There are always plenty of storylines going into any opening day, but this year, one stood above them all; a new era in Baton Rouge began as Jay Johnson coached his first game for LSU.
The game started with legendary former LSU Coach Paul Mainieri throwing out the first pitch to Johnson which felt like a literal passing of the torch. Mainieri spent the previous 15 years coaching the Tigers and led them to a National Championship in the 2009 season. This would leave big shoes to fill for any coach stepping into this position, but Johnson from the day he was hired knew and embraced the expectations and challenges that come with being the head baseball coach at LSU.
The game itself went as many expected. LSU dominated; the offense came alive late and Blake Money proved he has what it takes to be the Friday night starter, pitching seven shutout innings and striking out 10 batters. Johnson was lauded by many for what he did with the roster in the offseason, and that had a major effect on the offensive performance tonight. JUCO transfer Brayden Jobert opened the scoring with an absolue bomb of a solo home run in the fourth inning and finished 2-2 with two RBIs on the night. Jobert was one of many new faces expected to bolster LSU’s offense and tonight was just a small taste of what may be to come from the Sophomore out of Slidell.

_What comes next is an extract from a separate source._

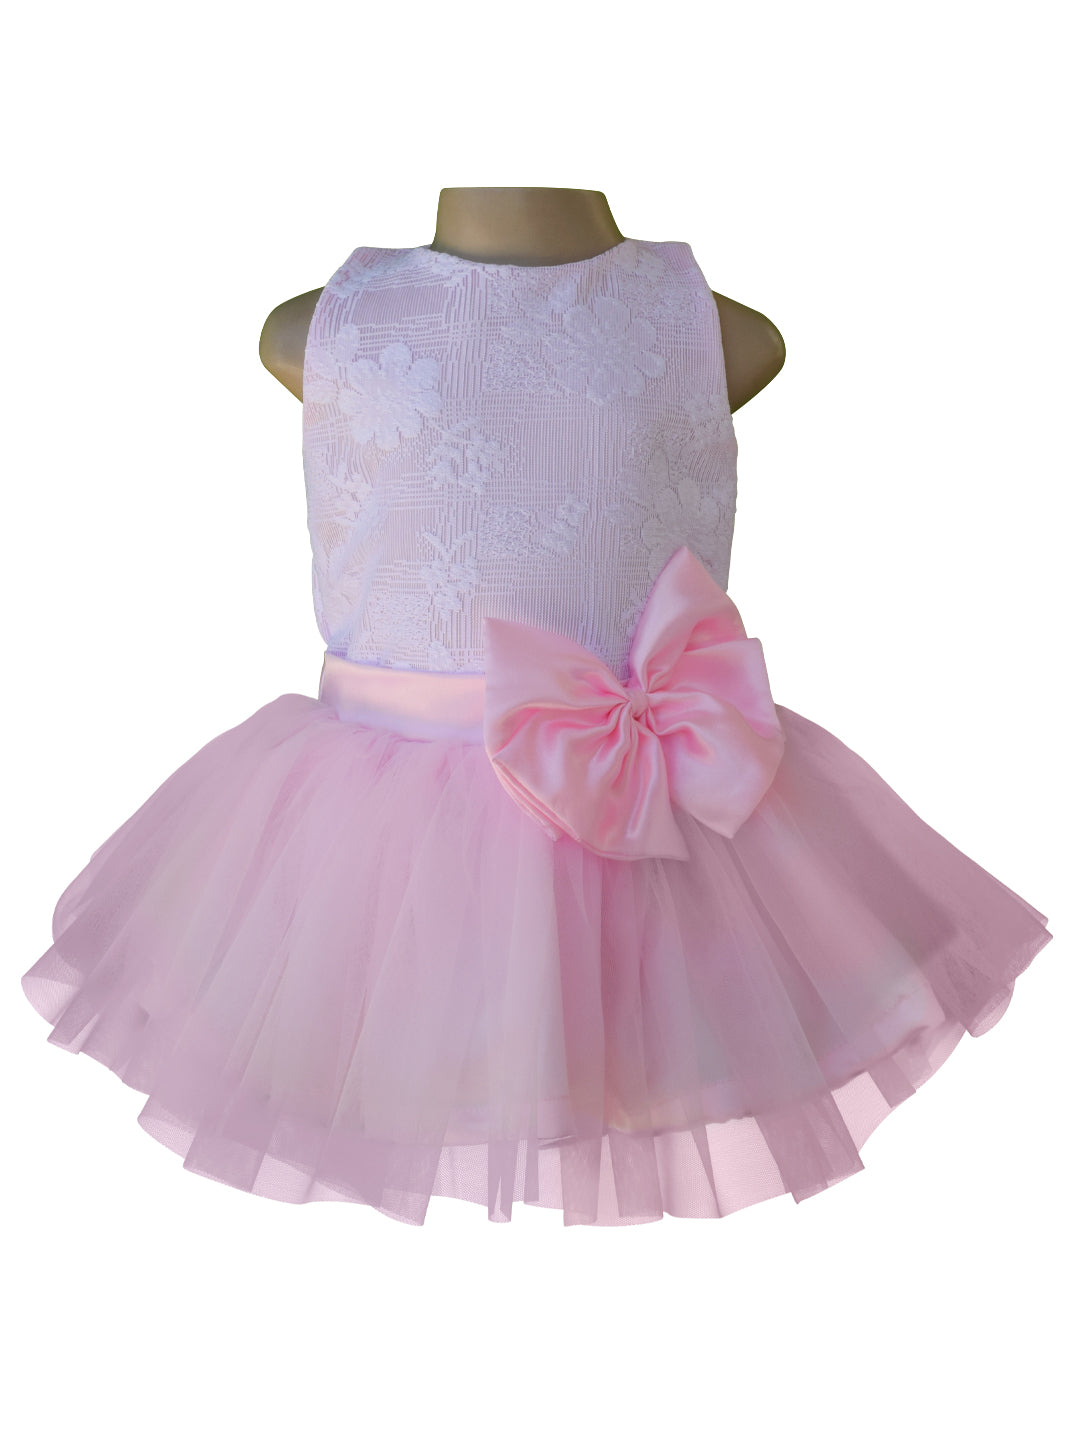 Dress for girl_Faye White Lace Pink Net Tutu Dress

“I was just glad to get an opportunity,” Jobert said, having entered the game as a replacement for the injured Cade Beloso. “Fortunately for me it ended up as a homerun, but I’m very fortunate to have that opportunity and I’m very glad we came out with a win.”
It is never a good idea to over-analyze a college baseball team’s opening night performance, but when it’s the first game under a new coach, fans are eager to have all their questions answered on night one. There is not a whole lot that can be gathered from LSU beating up on an objectively bad Maine team, but this game was the culmination of the last eight months that Johsnon has spent shaping this team and program in his image.

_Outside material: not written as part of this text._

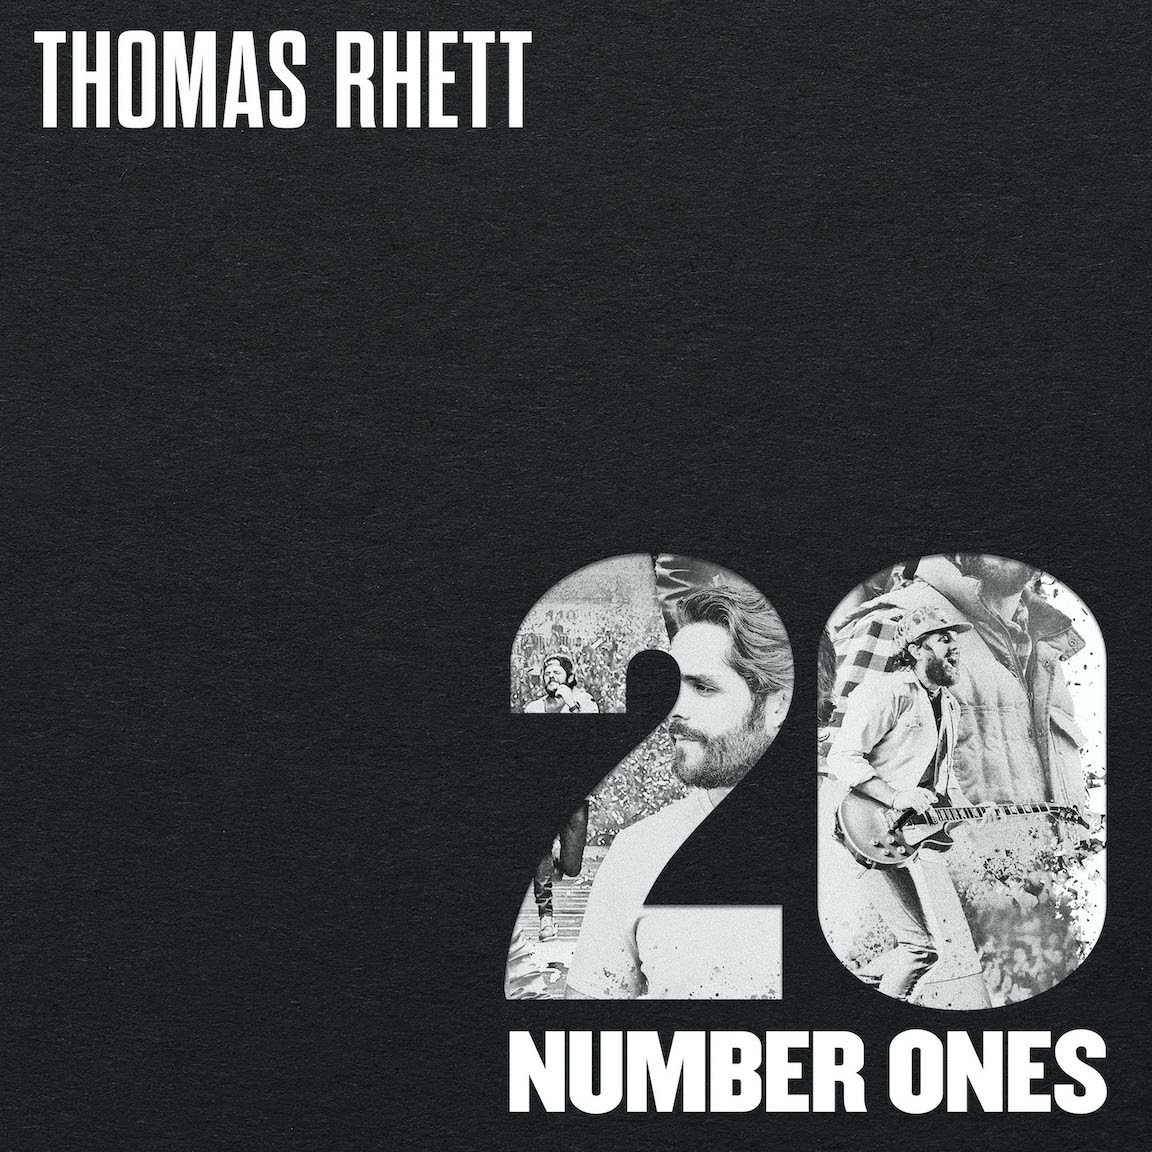 Thomas Rhett cover image courtesy of The Valory Music Co. // Big Machine Label Group

Ever since Skip Bertman took over in 1984 and turned LSU into a powerhouse, the program has had the winning DNA and mentality it takes to compete at the highest level. From Bertman to Mainieri, LSU remained a powerhouse, so an overhaul of the program was not what LSU was looking for. However, finding a coach who can step into a situation with immense pressure like LSU and keep things going while running the program his own way is not easy to find and Johnson’s work this offseason had fans excited that LSU found that coach in Johnson.
From his work in the transfer portal, to signing the No. 1 recruiting class, Johnson proved his work ethic behind the scenes early, and the only thing fans were still waiting to see was the performance of his team. This in itself brings pressure, and that could be felt as the game featured little action going into the bottom of the fourth inning. In the bottom of the fourth however, Jobert’s homerun got the party started for the Tigers and the rest of the game personified the excitement and promise that came from Johnson’s first offseason in Baton Rouge.
“It was awesome,” Johnson said, talking about how it felt to finally make his debut.
The next national championship is hardly built in one game, but this game was the perfect opportunity for the big ball of excitement created by the offseason to finally burst. Bertman and Manieri both joined Johnson on the field before the game and the result and performance from the team was one that very much fit the standard set by those two men.